Erdoğan has accused Muslim cleric Fethullah Gülen of being behind a coup attempt in July 2016. Following the abortive putsch, the Turkish government formally declared the Gülen movement a terrorist organization and arrested tens of thousands of state officials including judges, civil servants, academics, and teachers. The symbolic international tribunal exposes human rights violations in Turkey as part of Erdoğan’s post-coup purge. The tribunal convened on Sept. 21 and will continue until Friday, Sept. 24. The Turkey Tribunal is symbolic, but its report will be submitted to the International Criminal Court in The Hague.
Turkish Minutes reported that the tribunal’s panel of judges includes Prof. Em. Dr. Françoise Barones Tulkens, former vice chairperson of the ECtHR; Justice Dr. Johann van der Westhuizen, a former judge of the Constitutional Court of South Africa; and Prof. Em. Dr. Giorgio Malinverni and Prof. Dr. Ledi Bianku, who served as ECtHR judges.

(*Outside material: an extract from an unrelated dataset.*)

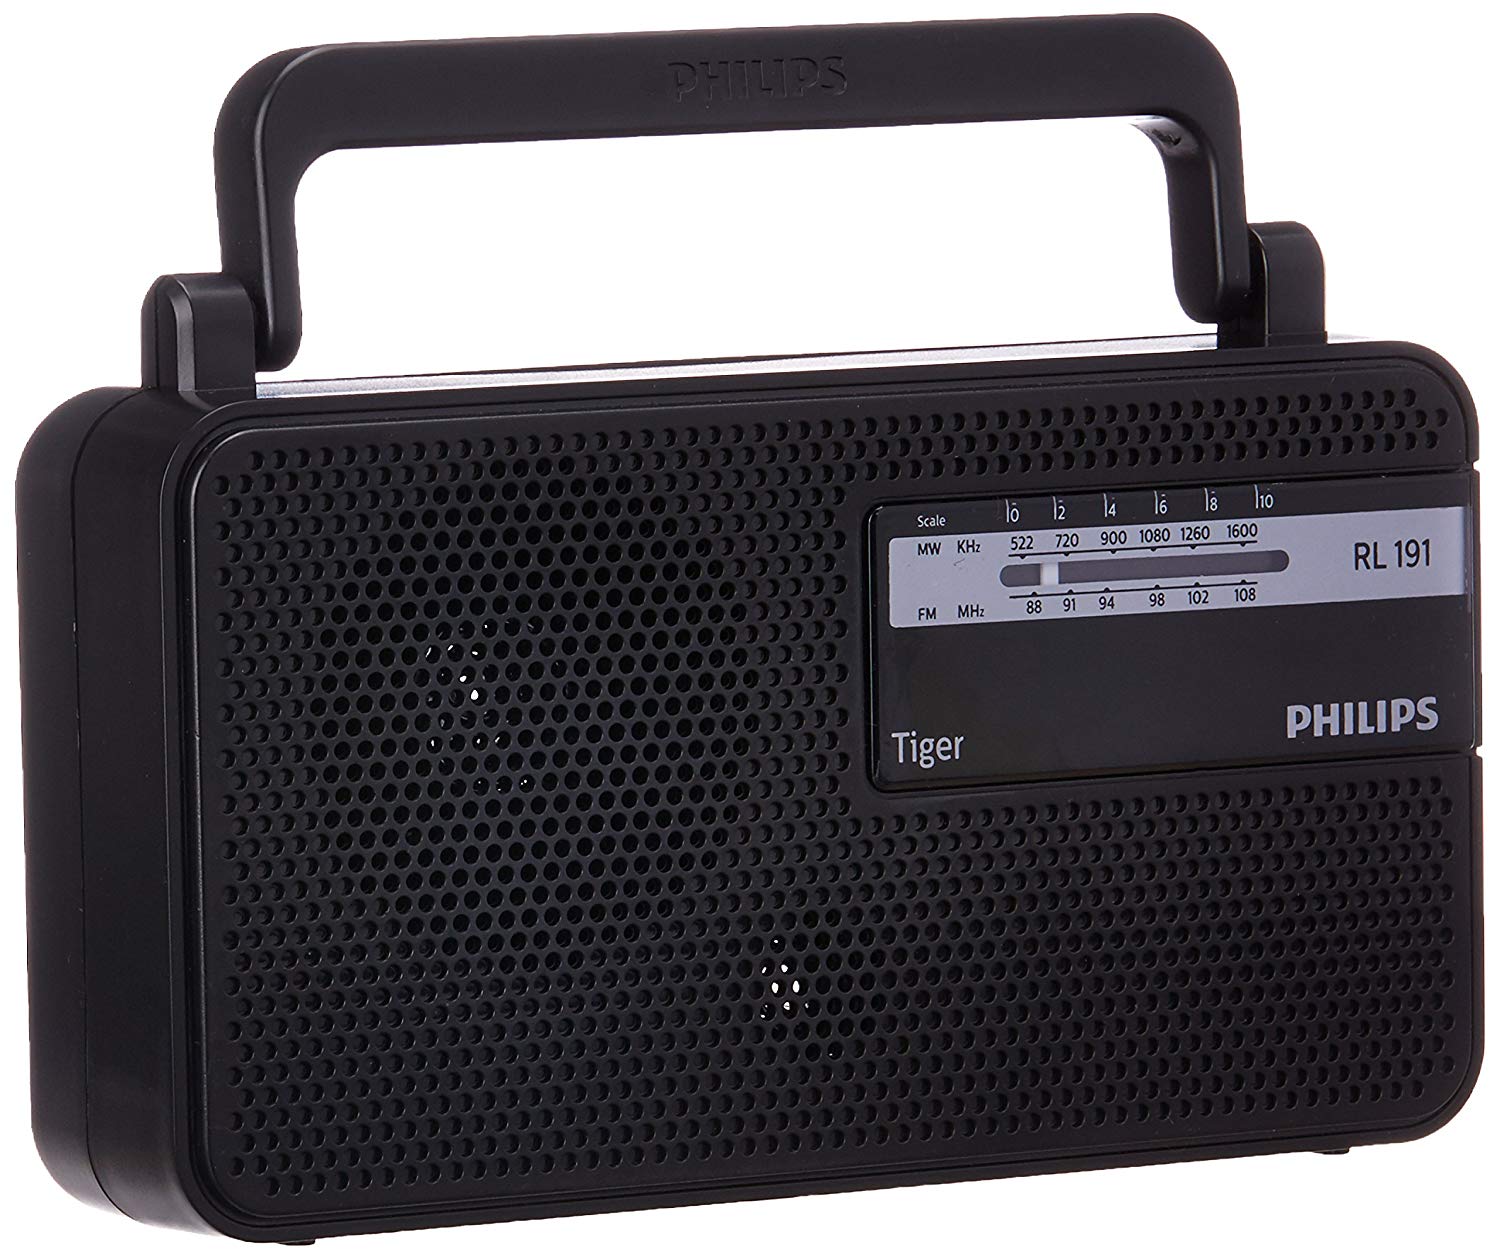 Philips RL191 FM Radio Price in India

Erhan Doğan’s testimony was one of the more gut-wrenching, causing an outcry among many. Doğan, who was a history teacher, was brutally tortured in a gym run by the Ankara Police Department just after the July 15, 2016 coup attempt for being a member of the Gülen movement. He revealed to the tribunal that while at the torture center, they threatened his wife and daughter with rape and that he heard the desperate cries of three women pleading in vain to not be raped.
Teacher Mehmet Alp was abducted by Turkish intelligence agency MIT in the southeastern Kurdish-majority town of Cizre on April 18, 2015. He was tried and convicted in Turkey but fled to Europe after being released on appeal in 2018. He told the tribunal he was forced to sign a pre-written statement accusing him of encouraging his students to join the outlawed Kurdistan Workers’ Party (PKK) due to threats to his wife and children and was tortured for days at a time.
Lawyer and human rights activist Eren Keskin, co-chair of the Turkish Human Rights Association (İHD) and co-founder of the Legal Aid Bureau against Sexual Harassment and Rape in Custody, revealed in heartbreaking and gruesome detail the abuse endured by women in Turkish prisons.
While the Turkish leader occupies himself with authoring books speaking of a better world and travelling around the globe to advocate for justice, peace and equality, his state apparatus continues to commit brutal human right violations in Guantanamo-type detention centers across Turkey.